A fresh lawsuit has been filed at the Federal High Court in Abuja, questioning former President Goodluck Jonathan's eligibility to contest a future presidential election. The suit, numbered FHC/ABJ/CS/2102/2025, was brought by a lawyer, Johnmary Jideobi, who argues Jonathan cannot run again because he took the presidential oath twice. Jonathan first assumed office in May 2010 following the death of President Umaru Musa Yar'Adua, then won the 2011 election and served until 2015. Jideobi contends that both oaths count as full terms, making Jonathan ineligible under constitutional term limits.

This is not the first time Jonathan's eligibility has faced legal scrutiny. In 2012, Cyriacus Njoku filed a suit, FCT/HC/CV/2449/2012, at the FCT High Court to block Jonathan from contesting the 2015 election. Njoku claimed Jonathan's 2010 assumption of office constituted a full term, meaning his 2011 win was his second and final mandate. Jonathan's legal team countered that he was only elected president once, in 2011, and that his 2010 ascension was through constitutional succession, not an election.

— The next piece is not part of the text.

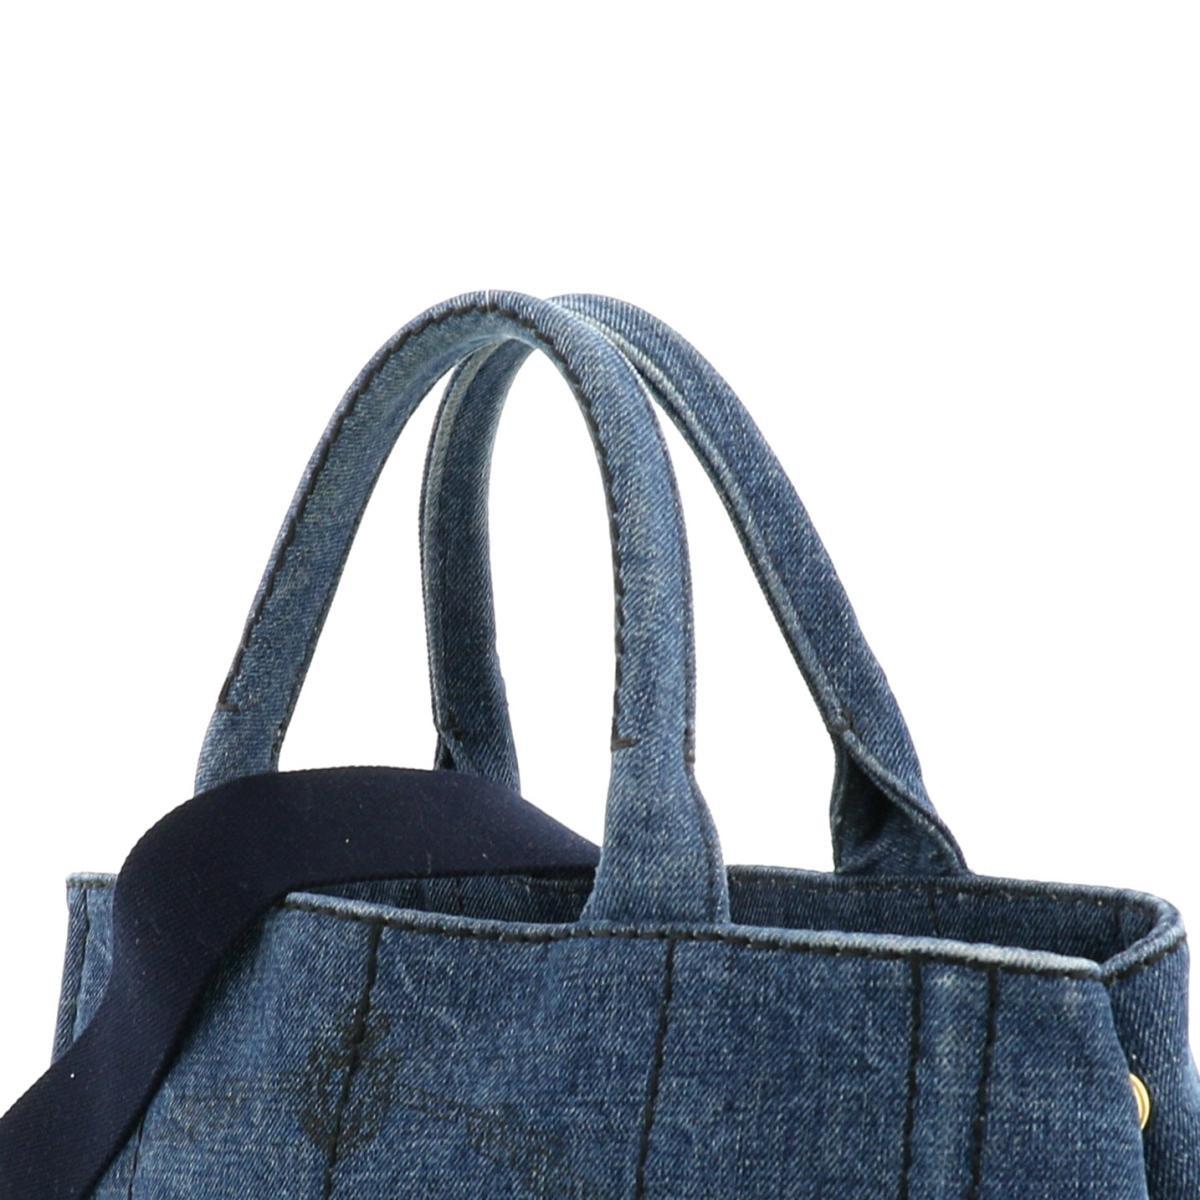 【中古】PRADA プラダ カナパ ミニ 2WAY ショッピングバッグ バッグ ハンドバッグ DENIM デニム Blue/ブルー 1BG439 used:B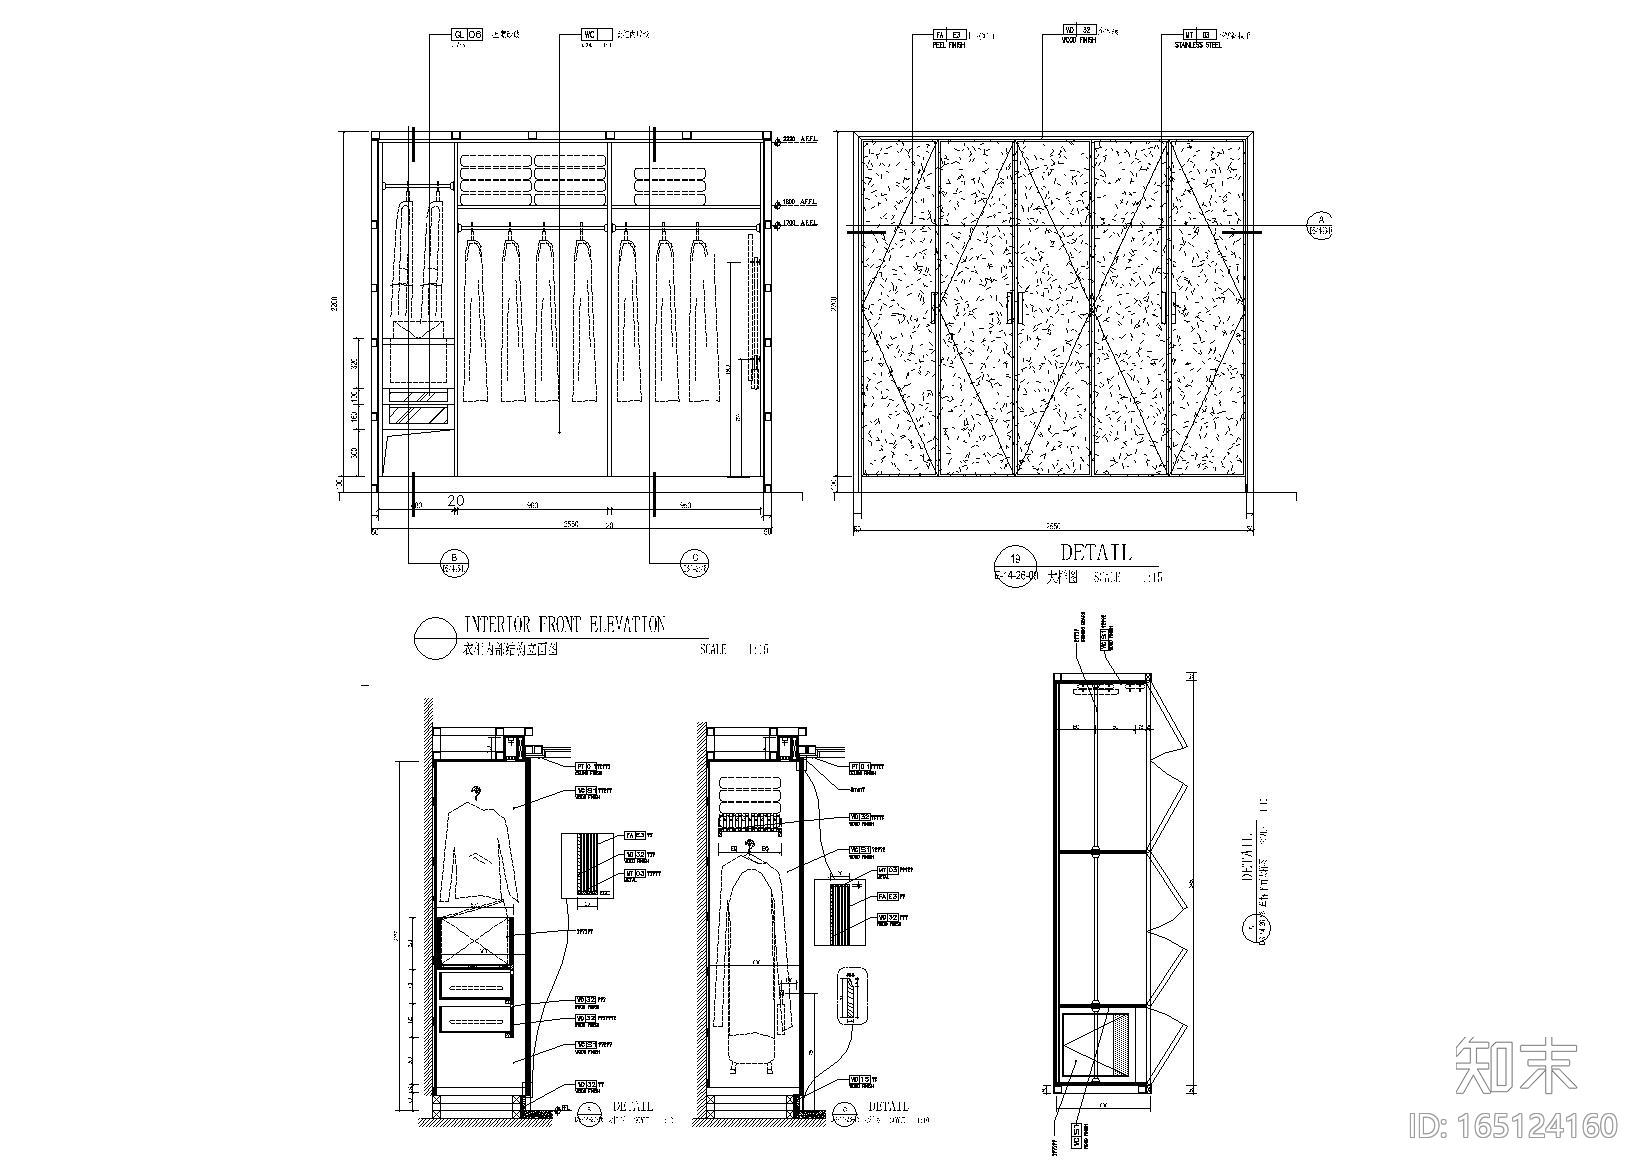 单项衣柜设计节点详图-6套施工图下载【ID:165124160】

On March 1, 2013, the court ruled in Jonathan's favour. Presiding Judge Mudashiru Oniyangi held that Jonathan had not been elected president in 2007 or 2010, only succeeding Yar'Adua under section 146(1) of the 1999 Constitution. The court found the 2010 oath did not amount to an elected term. The Court of Appeal affirmed this on March 3, 2015, with a five-judge panel stating that "the process of primaries, nomination, voting, collating and announcement of results" must occur for a term to count as elected. Since those did not happen in 2010, the succession could not be deemed an election.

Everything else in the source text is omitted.